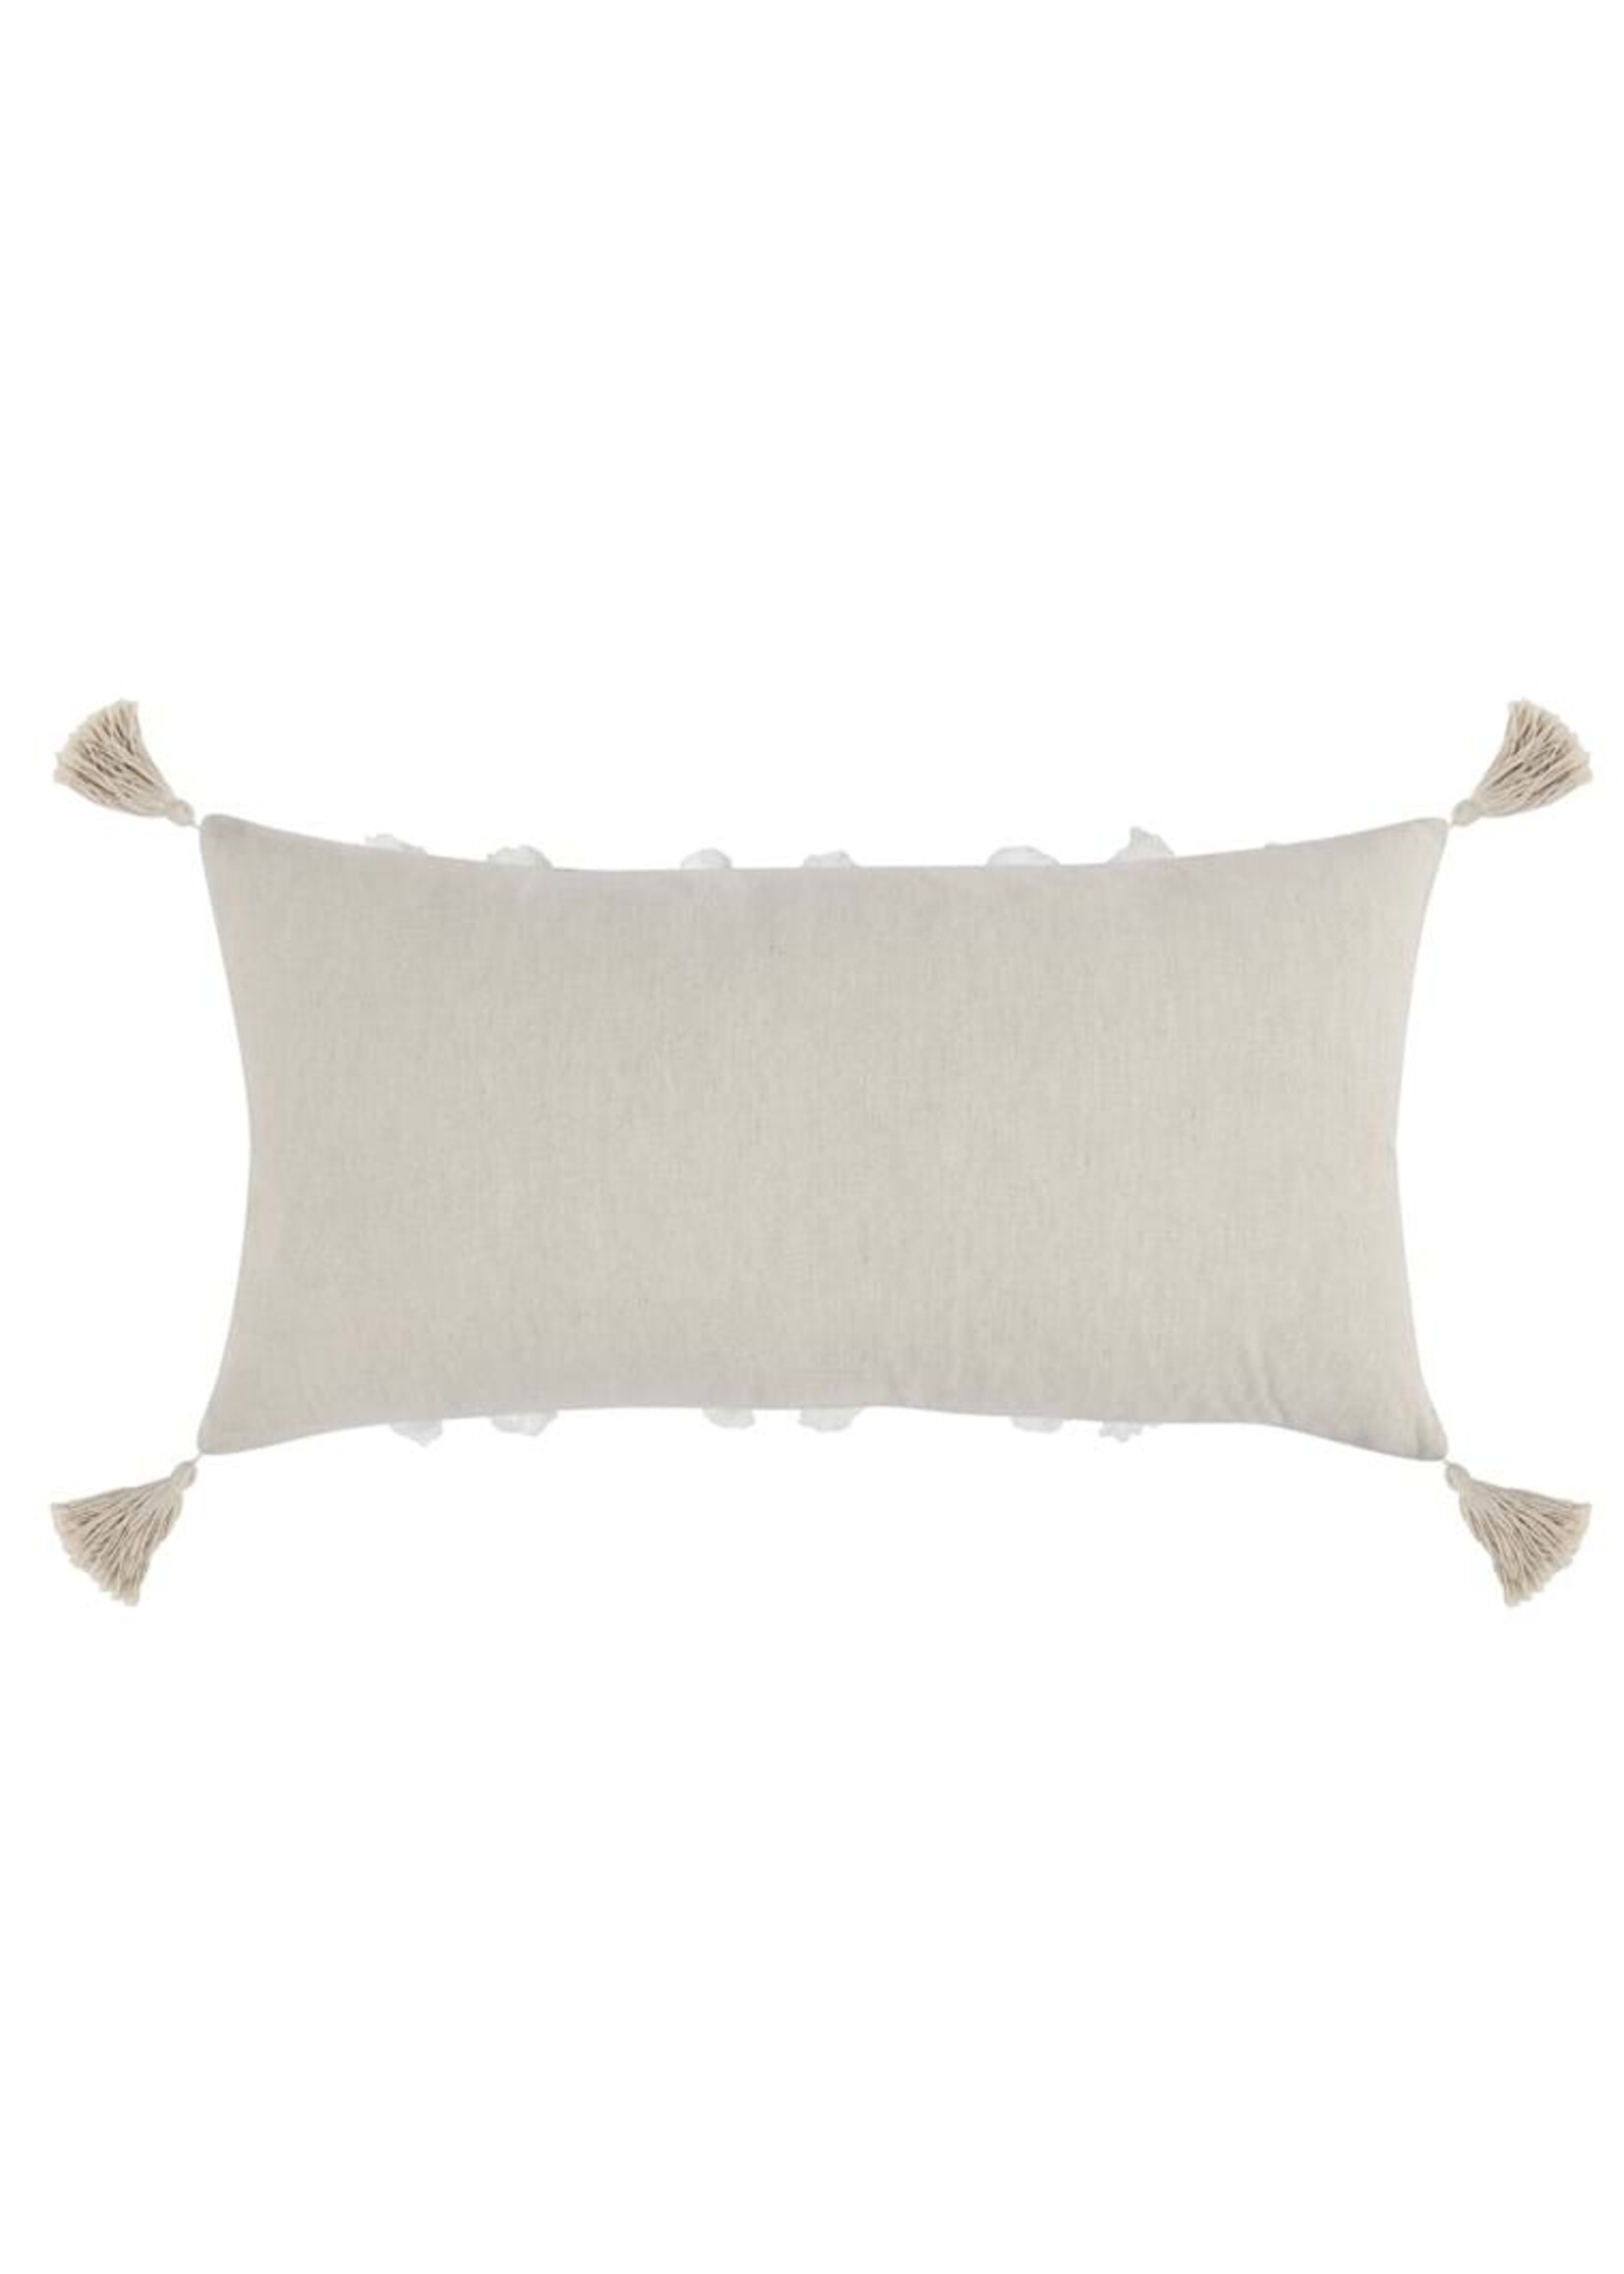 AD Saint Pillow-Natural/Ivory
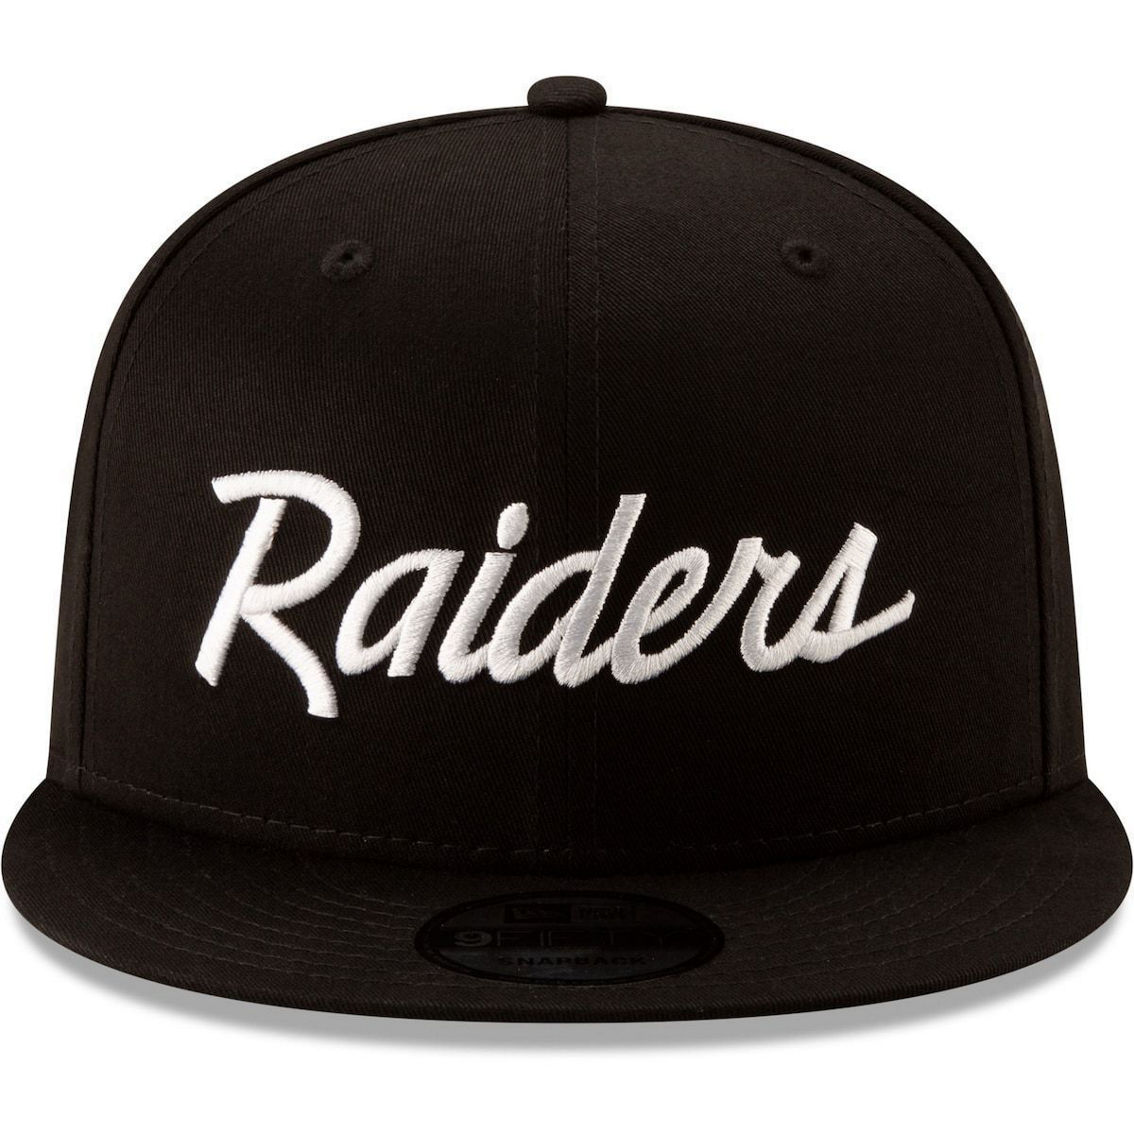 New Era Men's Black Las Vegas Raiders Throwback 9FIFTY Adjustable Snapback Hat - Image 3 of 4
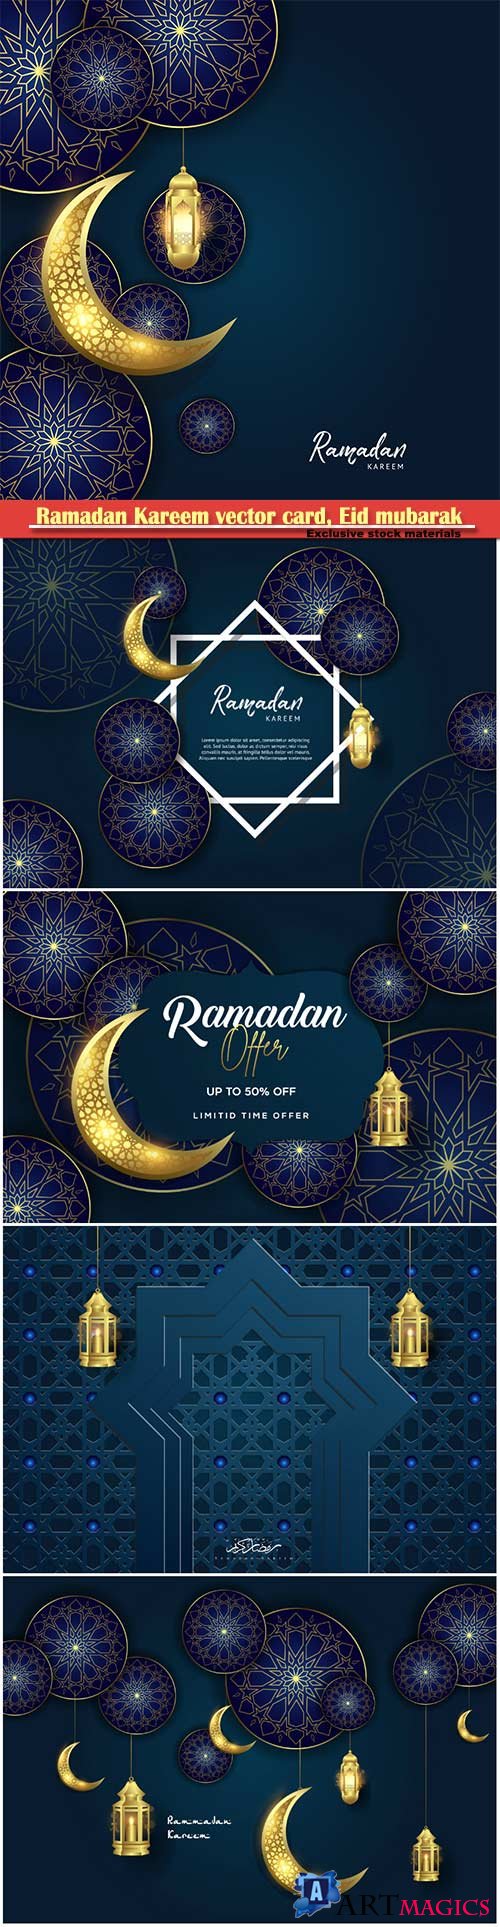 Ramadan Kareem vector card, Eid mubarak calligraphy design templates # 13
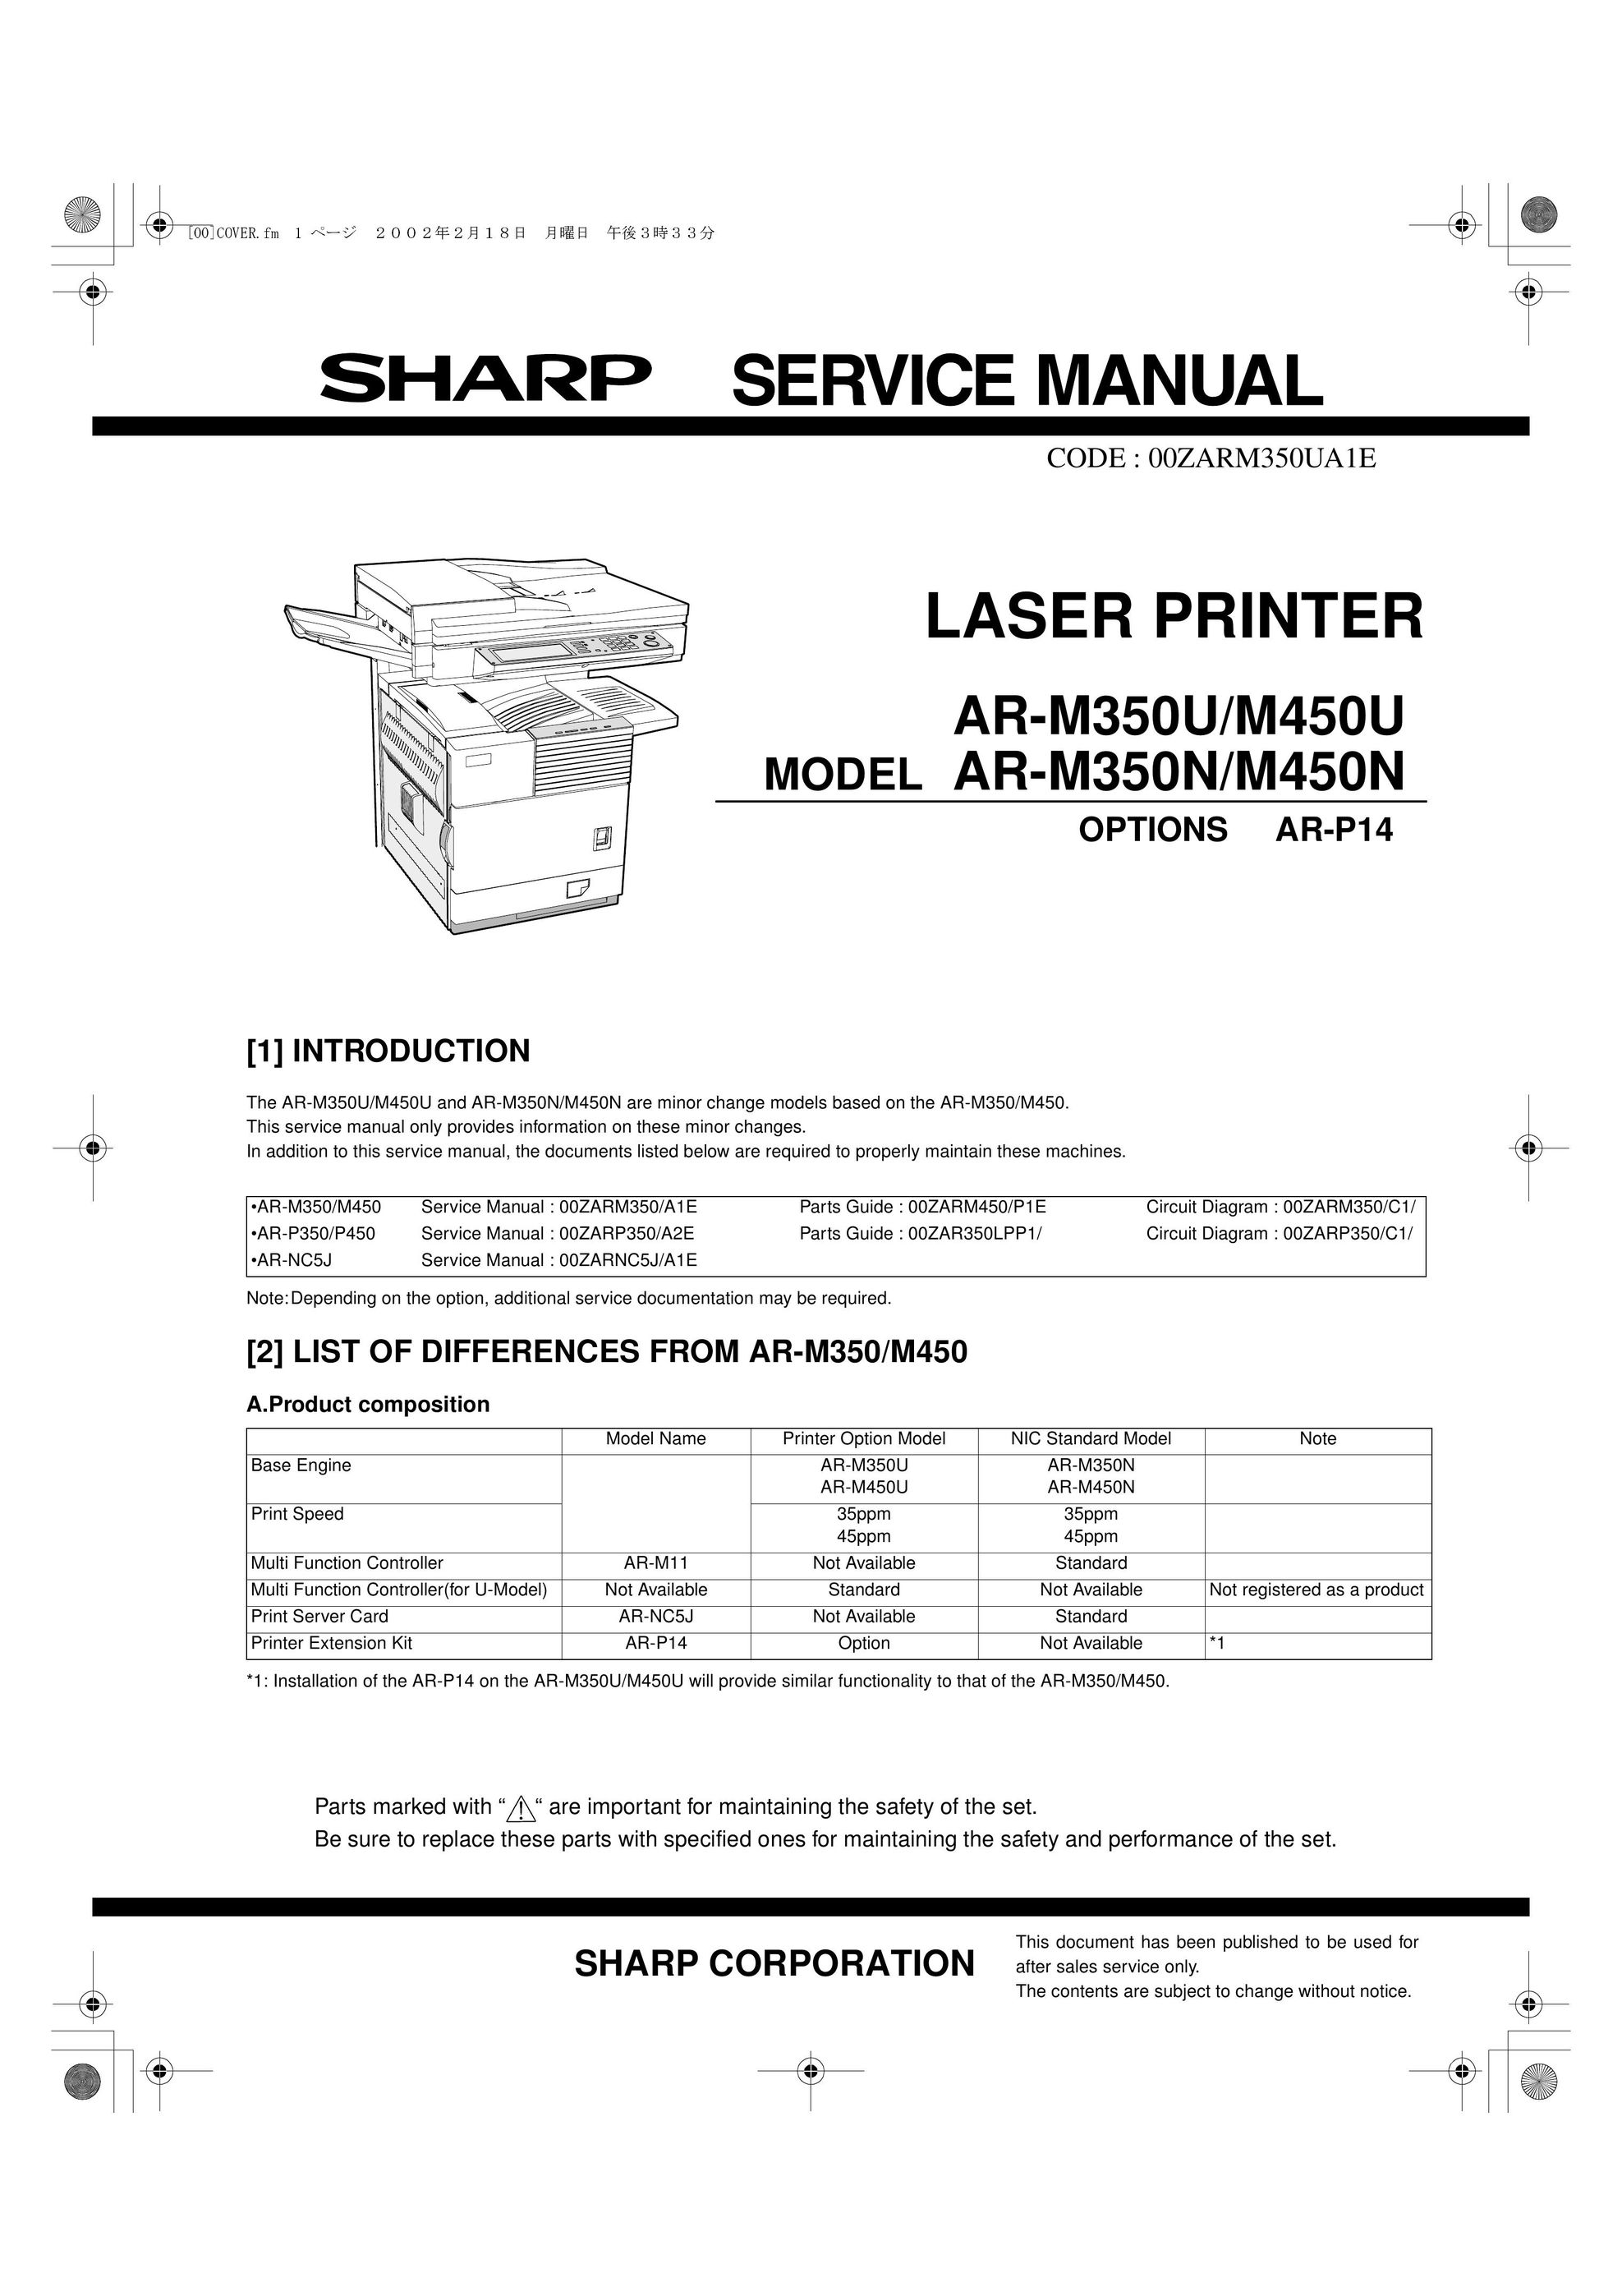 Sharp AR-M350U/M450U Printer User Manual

_ _ _ _ _ _ _

Pictures are not part of the copy; reproduce exactly and only the lines from the line containing "Ramadan Kareem vector" through the end of the listing.

 Ramadan Kareem vector card, Eid mubarak calligraphy design templates # 13
 Sharp AR-M350U/M450U Printer User Manual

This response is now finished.